Published in final edited form as: Proc SPIE Int Soc Opt Eng. 2016 Mar 25;9783:97831B. doi: 10.1117/12.2216823

An Open Library of CT Patient Projection Data

Baiyu Chen a, Shuai Leng a, Lifeng Yu a, David Holmes III b, Joel Fletcher a, Cynthia McCollough a
PMCID: PMC4881843  NIHMSID: NIHMS788205  PMID: 27239087

Abstract

Lack of access to projection data from patient CT scans is a major limitation for development and validation of new reconstruction algorithms. To meet this critical need, we are building a library of CT patient projection data in an open and vendor-neutral format, DICOM-CT-PD, which is an extended DICOM format that contains sinogram data, acquisition geometry, patient information, and pathology identification. The library consists of scans of various types, including head scans, chest scans, abdomen scans, electrocardiogram (ECG)-gated scans, and dual-energy scans. For each scan, three types of data are provided, including DICOM-CT-PD projection data at various dose levels, reconstructed CT images, and a free-form text file. Several instructional documents are provided to help the users extract information from DICOM-CT-PD files, including a dictionary file for the DICOM-CT-PD format, a DICOM-CT-PD reader, and a user manual. Radiologist detection performance based on the reconstructed CT images is also provided. So far 328 head cases, 228 chest cases, and 228 abdomen cases have been collected for potential inclusion. The final library will include a selection of 50 head, chest, and abdomen scans each from at least two different manufacturers, and a few ECG-gated scans and dual-source, dual-energy scans. It will be freely available to academic researchers, and is expected to greatly facilitate the development and validation of CT reconstruction algorithms.

Keywords: Computed tomography (CT), patient data library, projection data, reconstruction, DICOM-CT-PD

1. INTRODUCTION

Projection data from patient CT scans, especially those with known pathology, are essential to the development and validation of new reconstruction algorithms. However, the patient projection data collected from commercial CT scanners are proprietary, which means researchers need research agreements with CT vendors to access the data; the projection data collected from commercial CT scanners are also vendor-specific, which means each CT vendor stores the projection data in its own format (the geometries used to store the projection images and the acquisition parameters, the unit used to store the acquisition parameters, and the precision and range of the numerical values might all differ from vendor to vendor).

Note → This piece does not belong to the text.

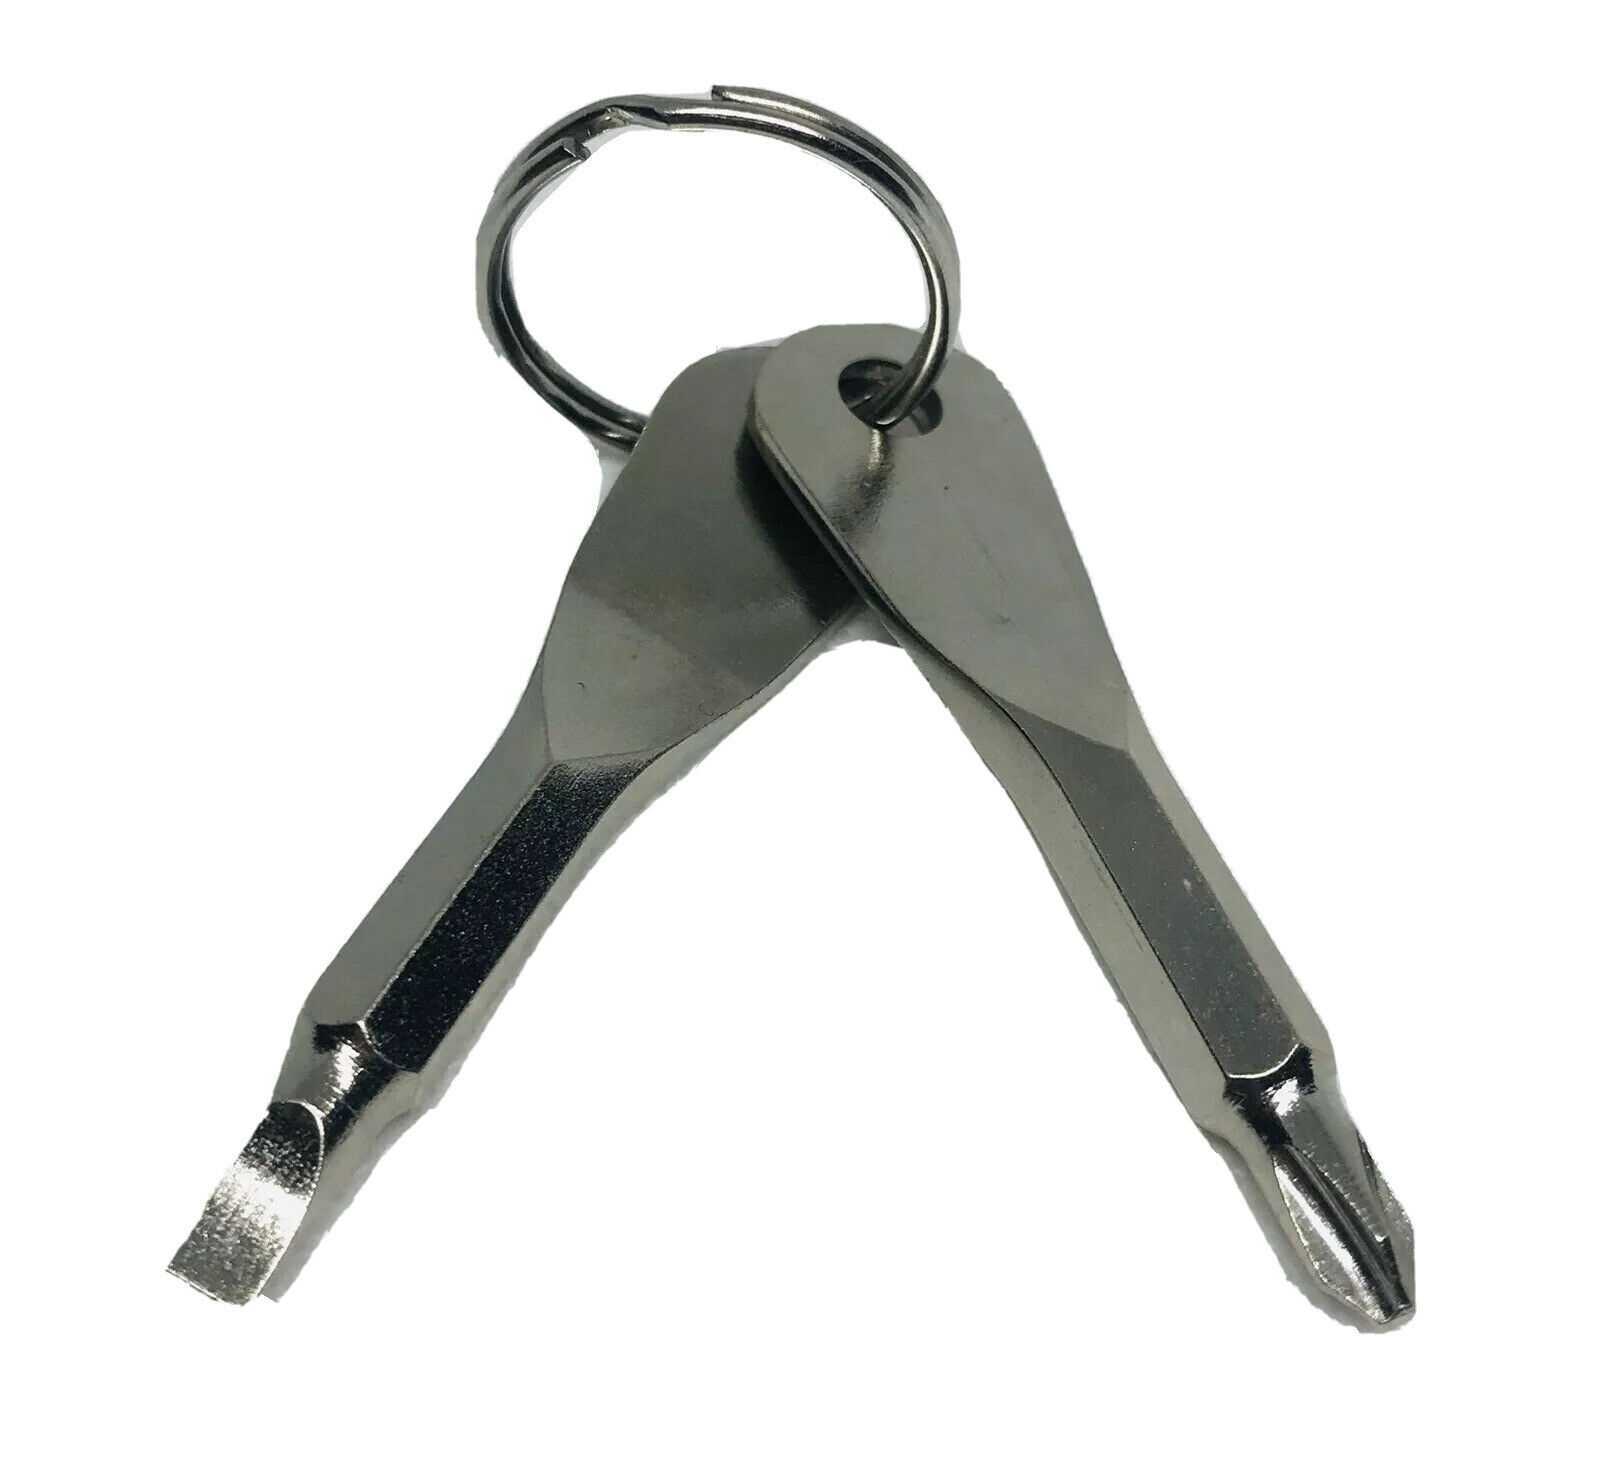 Silver Screwdriver Stainless Steel Key Chain Ring Pocket Outdoor Multi Tool

To allow more researchers to access patient CT projection data with minimum efforts, a library of CT patient projection data is being built and will be freely available to academic researchers. The projection data in the library were decoded from commercial CT scans, and have been converted into an open and standard format.

2. METHODS

As shown in Figure 1, the patient library has three main components: scan data, instructional documents, and radiologists’ diagnostic performance, as detailed below.

Figure 1.

Figure 1

The structure of the patient library.

The scan data is composed of scans of five types, including routine non-contrast-enhanced head scans, low dose non-contrast-enhanced chest scans for lung nodule screening, routine contrast-enhanced abdomen scans, ECG-gated scans, and dual-energy scans. For each scan, three types of data are provided: projection data, reconstructed CT images, and a free-form text file. The projection data were acquired on third generation CT scanners from two major vendors (Somatom Definition Flash, Siemens Healthcare, Forchheim, Germany; and Discovery CT750 HD, GE Healthcare, Waukesha, WI). Because the commercial projection data were in a proprietary format and could not be accessed directly, they were decoded with the assistance of the vendors and converted into an open and vendor-neutral format, DICOM-CT-PD [1]. The DICOM-CT-PD format is an extended DICOM format, which stores the projection data as a DICOM image and stores other important information (acquisition geometry, patient information, and pathology identification) in a DICOM header with newly defined private tags. The accuracy and completeness of the DICOM-CT-PD format have been previously validated by off-line reconstructions. More information about the format can be found in [1]. In addition to projection data acquired at regular clinical dose levels, projection data at reduced dose levels are also provided, which were simulated by inserting noise into the regular dose projection data using a verified technique [2]. The reconstructed CT images are provided along with the projection data as a reference. For the projection data collected on Siemens scanners, all reconstructions were performed on the scanner console. For the projection data collected on GE scanners, the reconstructions of the regular dose level data were performed on the scanner console and the reconstructions of the reduced dose level data were performed off-line. The free-form text file stores the patient information, the pathology information, and most acquisition parameters. Although the same information has been provided in the header of the DICOM-CT-PD files, we purposely kept this redundancy for user convenience.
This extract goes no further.